При беглом взгляде невроз Хайцмана кажется этаким маскарадом, прикрытием для ожесточенной борьбы за существование, которую вынужден вести каждый человек (разумеется, кому-то везет в жизни больше, но в целом все обстоит именно так). Аналитики часто сталкиваются с тем, что совершенно невыгодно лечить делового человека, который «во всем остальном здоров, но время от времени выказывает признаки невроза». Неудача в делах, которую он предчувствует, нередко порождает невроз; тем самым он получает преимущество, ибо может прятать свои опасения по поводу реальной жизни за невротическими симптомами. Но этот невроз не служит, по сути, никакой полезной цели, так как истощает силы, которые куда больше пригодились бы для рационального преодоления опасной ситуации.
Гораздо чаще невроз оказывается более обособленным и более независимым от целей самосохранения и самоутверждения. В конфликте, порождающем невроз, на кон ставятся либо сугубо либидиозные интересы, либо те же интересы в неразрывной связи с самосохранением. Во всех трех случаях динамика невроза одинакова. «Запруженному»[130] либидо, которое нельзя удовлетворить в действительности, удается посредством регрессии к прежним объектам влечения найти разрядку через вытесненное бессознательное. Личность больного, в той мере, в какой она способна извлечь «выгоду от болезни», примиряется с неврозом, пускай его ущербность и вредоносность с экономической точки зрения не подлежит сомнению.
Бедственное жизненное положение художника не обернулось бы, полагаю, дьявольским неврозом, если бы материальная нужда не усугубила его тоску по умершему отцу. Впрочем, после устранения меланхолии и расторжения договоров с дьяволом ему все равно пришлось выдерживать душевную борьбу – между либидиозным наслаждением жизнью и осознанием того, что интересы самосохранения настоятельно требуют отречения и аскетизма. Любопытно отметить, что художник вполне понимал единство двух составляющих своей болезни: недаром он приписывал последствия того и другого договорам, заключенным с дьяволом. При этом он не проводил строгого различия между происками нечистого и повелениями Божественных сил. У него имелось единственное описание для всего происходящего – это злокозненные дьявольские потуги.
О добывании огня[131]
(1931)
В одном из примечаний к моей работе «Болезнь культуры» я отметил мимоходом, что возможно с использованием психоаналитического материала выдвинуть предположение о таком достижении культуры, как укрощение огня первобытным человеком. Снова вернуться к этой теме меня побудили замечания Альбрехта Шеффера (1930)[132] и его поразительная ссылка на сообщение Эрленмайера[133] о принятом среди монголов запрете «мочиться на пепелище»[134].

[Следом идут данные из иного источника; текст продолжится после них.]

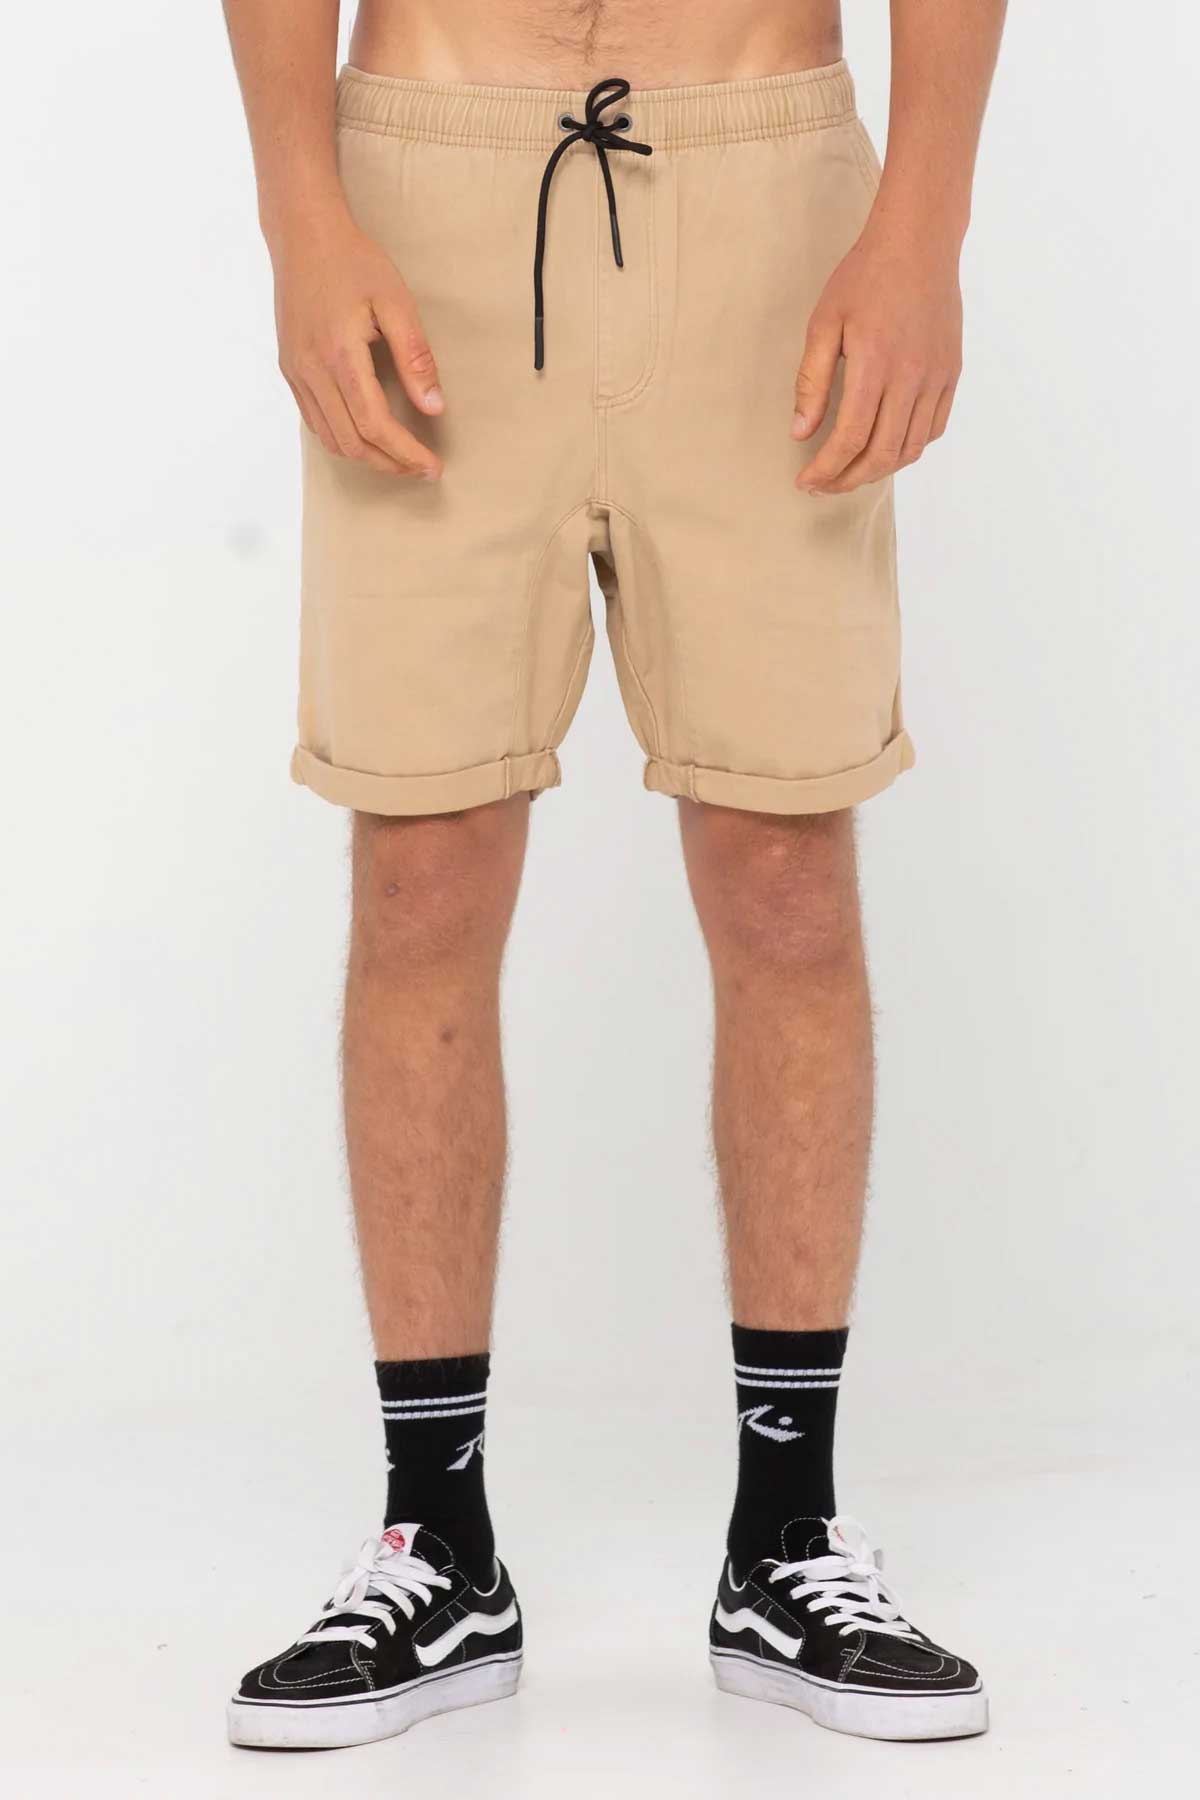 Rusty Hooked on 18 elastic shorts

Мне кажется, что мое предположение – дабы укротить огонь, людям пришлось отвергнуть гомосексуально окрашенное желание тушить его струей мочи – может получить подтверждение через истолкование греческого мифа о Прометее (при условии, что мы будем помнить об искажениях, неизбежно возникающих при переходе от фактов бытия к содержанию мифа). Эти искажения того же рода и ничуть не хуже тех, которые мы выявляем ежедневно, извлекая из сновидений пациентов вытесненные, но чрезвычайно важные переживания их детства. Механизмами подобных искажений выступают символическое представление и превращение в противоположность. Не дерзну объяснять таким вот образом все особенности содержания нашего мифа, поскольку на его изменении могли, помимо первоначального набора фактов, сказаться другие, более поздние события. Но те элементы, которые допускают психоаналитическое истолкование, видятся мне наиболее яркими и важными в мифе; речь о способе, каким Прометей добыл огонь, самом характере его поступка (святотатство, воровство, обман богов) и значении наказания похитителя.

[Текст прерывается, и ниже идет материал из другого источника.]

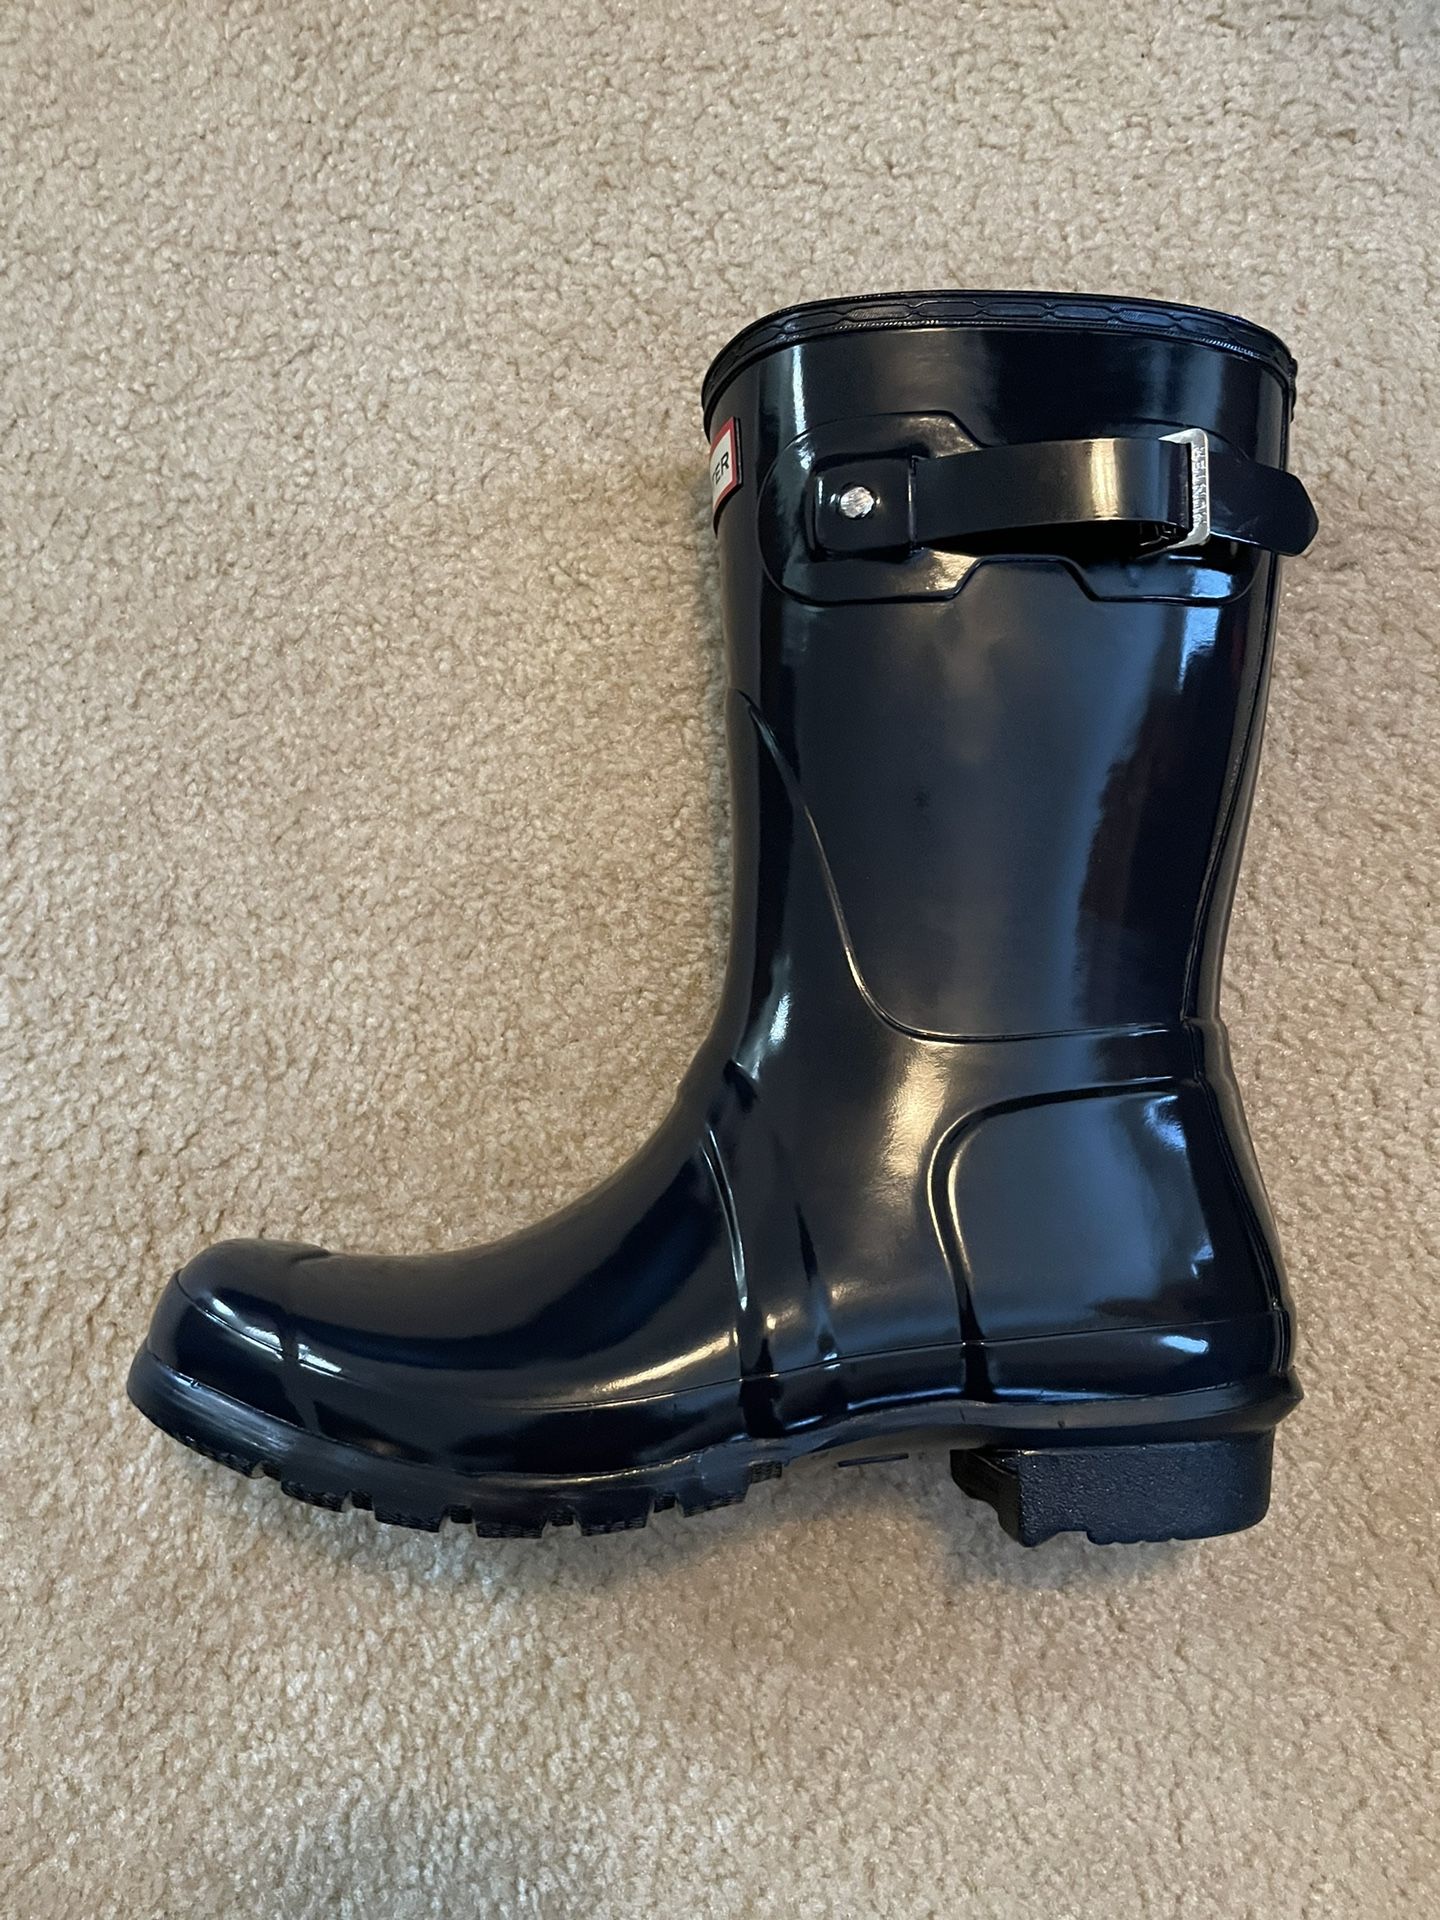 Women’s Hunter Rain boots Size 10 $75 OBO

Миф рассказывает, что титан Прометей, культурный герой[135], еще считавшийся богом[136] и, быть может, когда-то выступавший как демиург и создатель людей, принес людям огонь, украденный у богов и спрятанный в полом стебле тростника. Будь перед нами сновидение, мы были бы склонны толковать этот стебель как олицетворение полового члена, хотя подчеркивание его пустоты (он ведь полый) могло бы заставить нас усомниться в достоверности такого толкования. Но возможно ли увязать этот полый стебель с добыванием огня? Кажется, что здесь нет и намека на общность, но нужно вспомнить о свойстве переиначивания, превращения в противоположность, столь характерного для сновидений и столь часто скрывающего от нас их подлинное значение. Мужчина прячет в стебле-пенисе вовсе не огонь. Наоборот, это средство тушения огня, влага, поток его мочи. Так отношения между огнем и водой подкрепляются большим количеством знакомого аналитического материала.